**PROMPT**
Everything from the line that holds "Ashampoo - Burning" through the end of the listing below must be retyped word for word, without any pictures.

**PROVIDED MATERIAL**
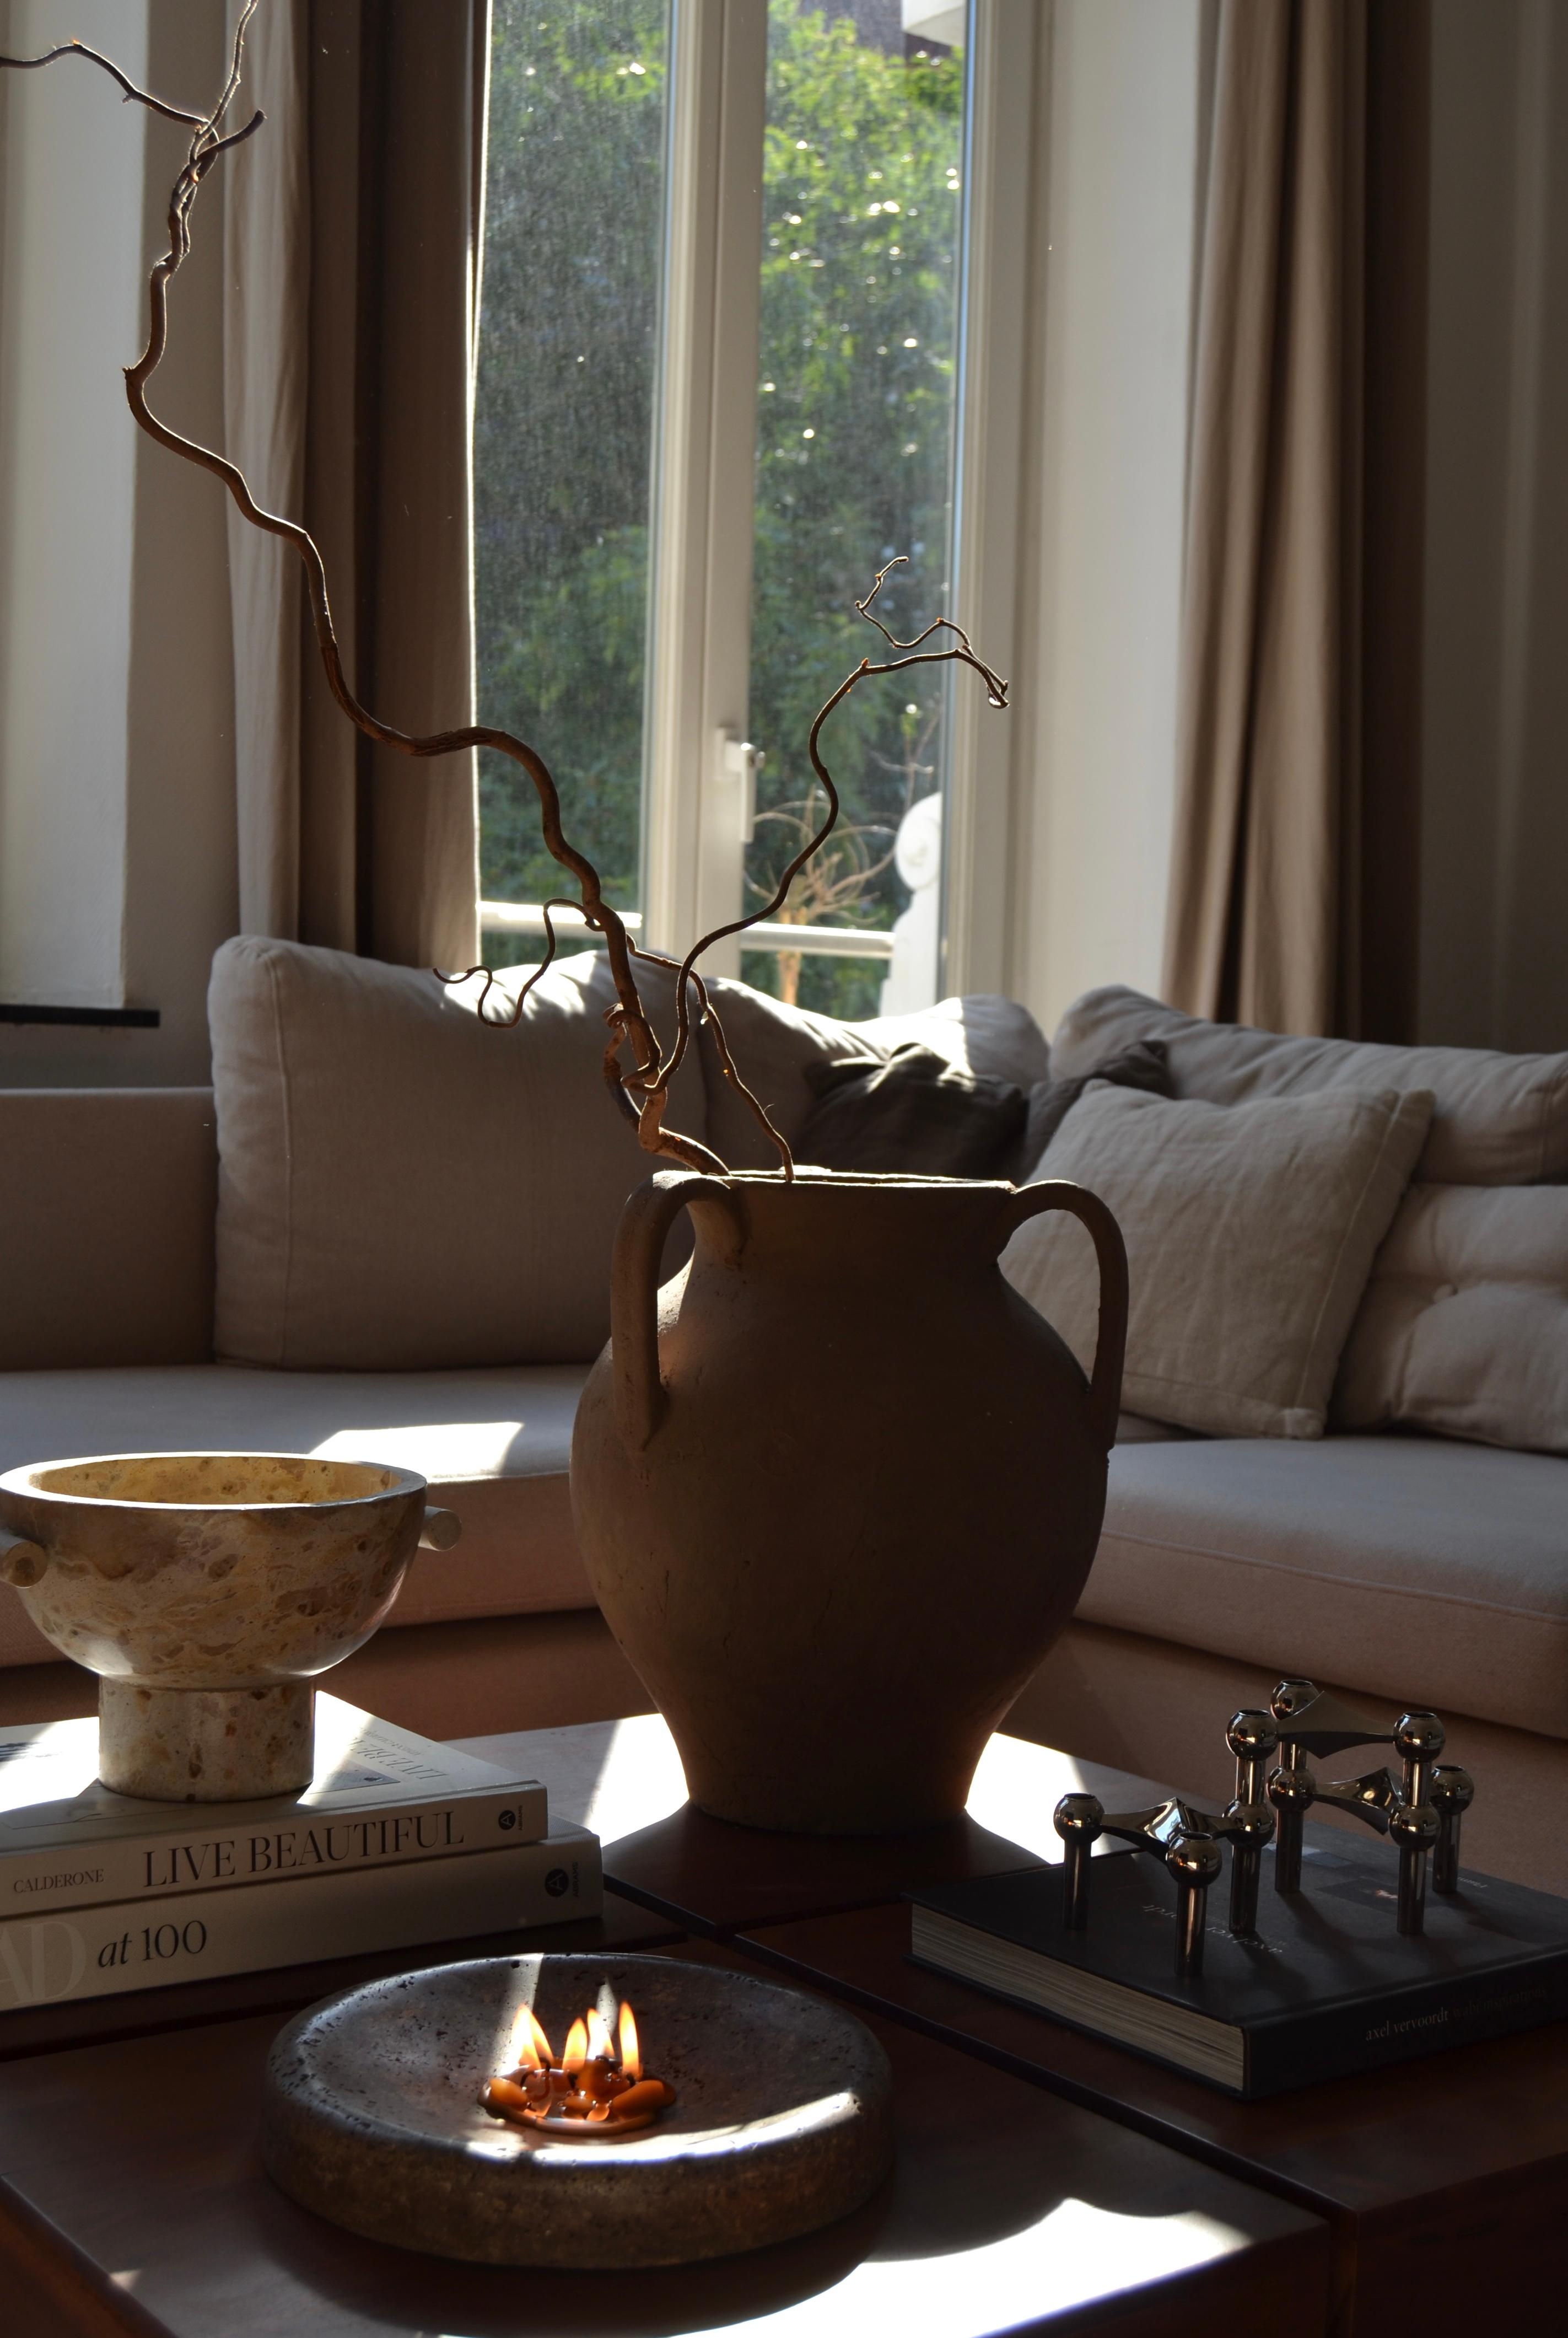 Vasenliebe🏺
#altbau #altbauwohnung #livingroom #homedecor #home #homedesign #interiordesign #deco
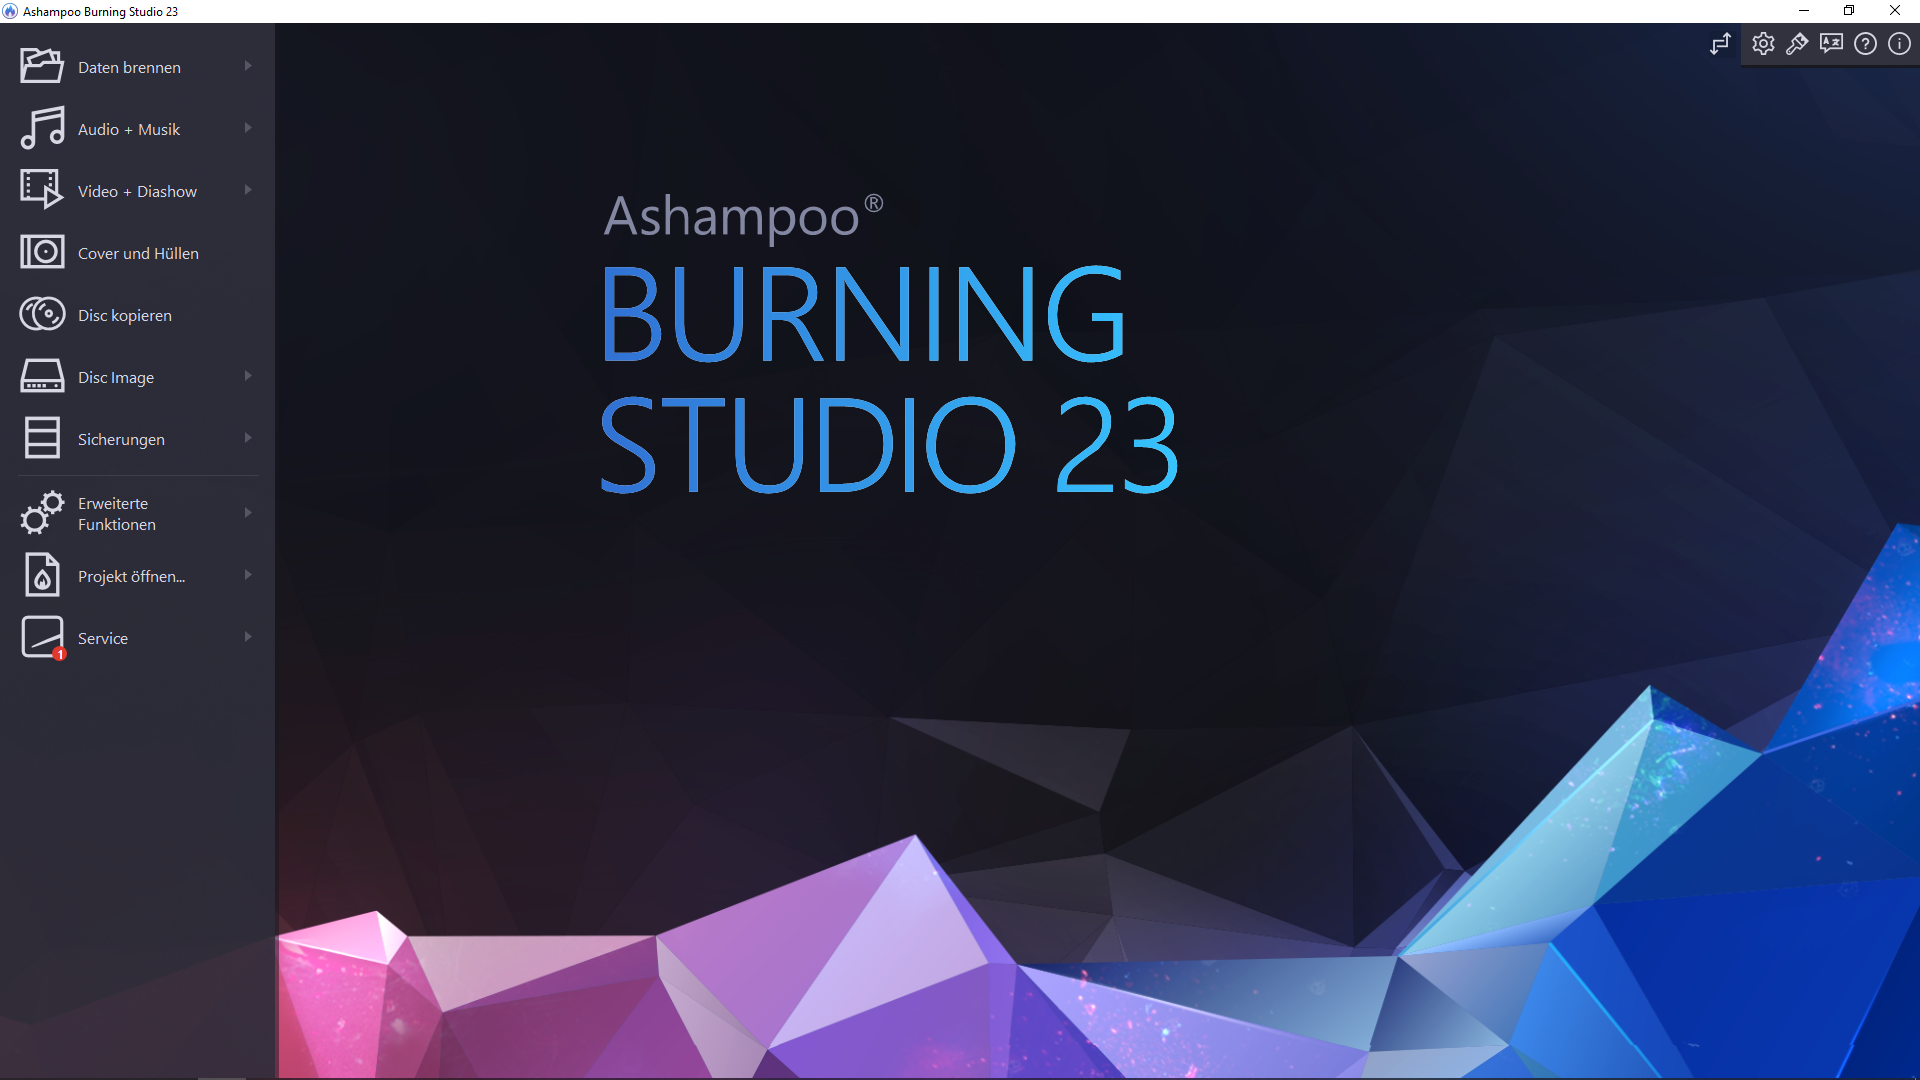 Ashampoo - Burning Studio 23 - Start - dark - vertical
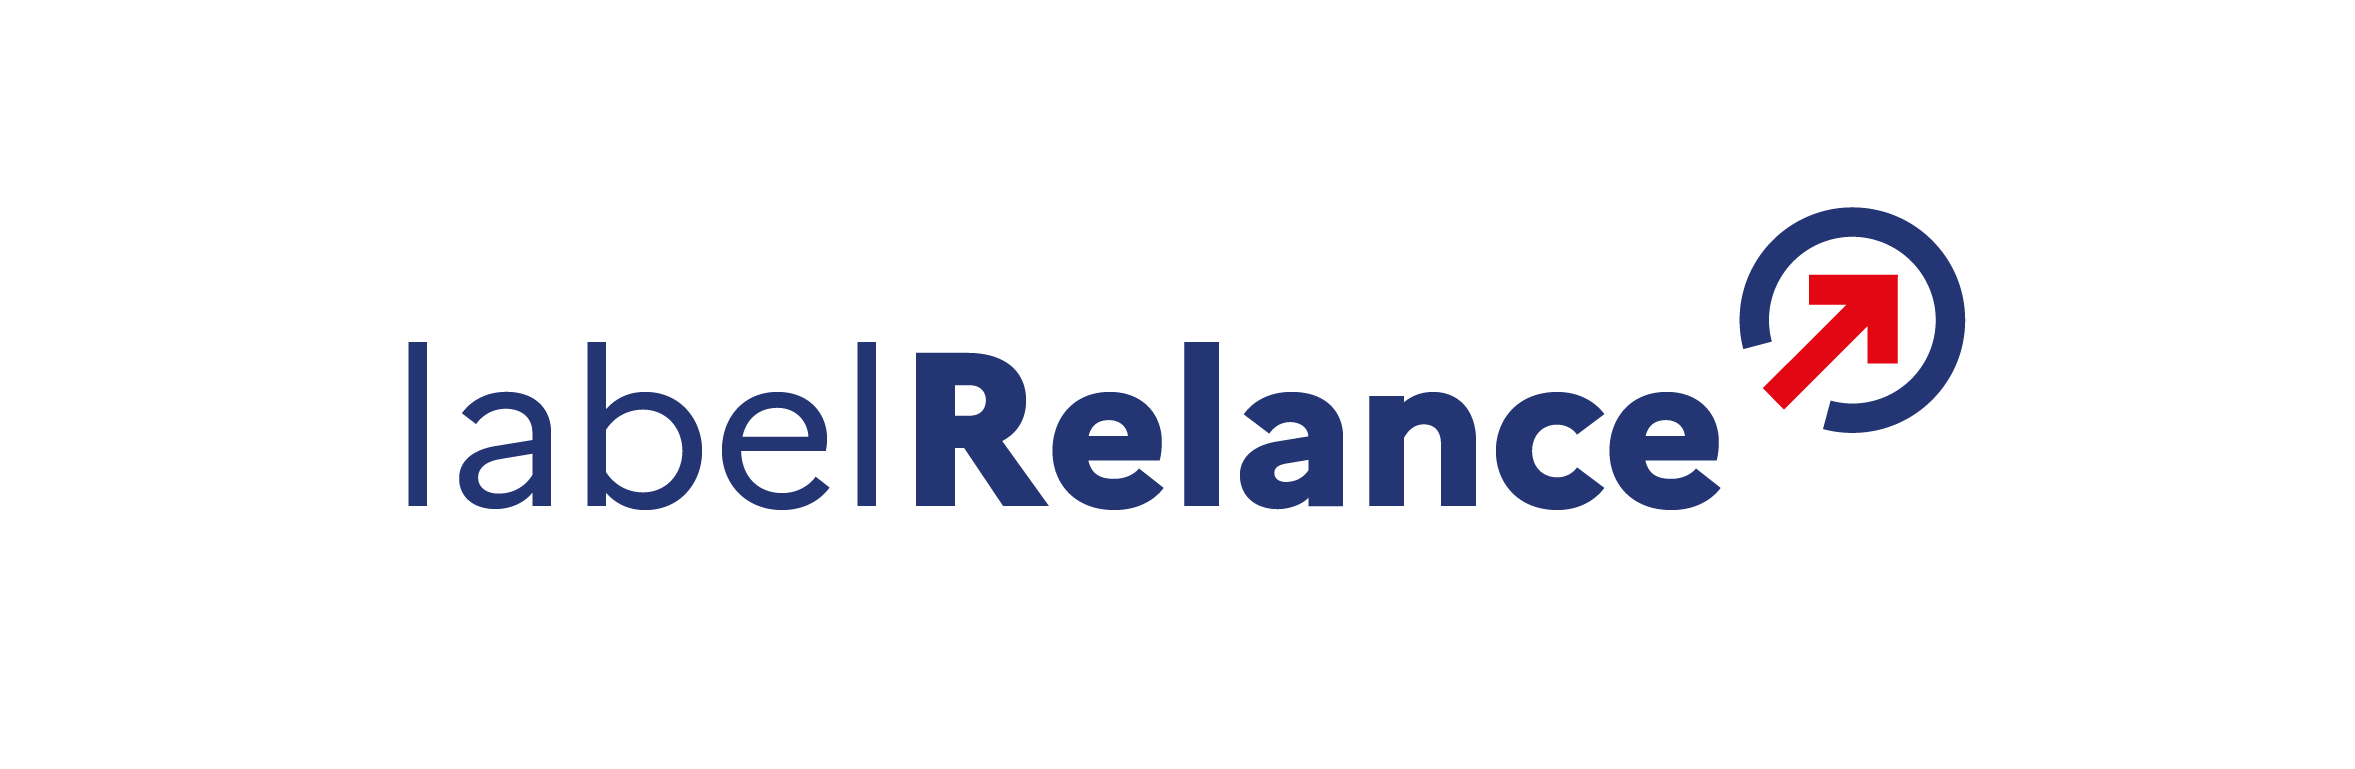 label "Relance" 2020

**SOLUTION TO THIS EXERCISE**
 Ashampoo - Burning Studio 23 - Start - dark - vertical
 label "Relance" 2020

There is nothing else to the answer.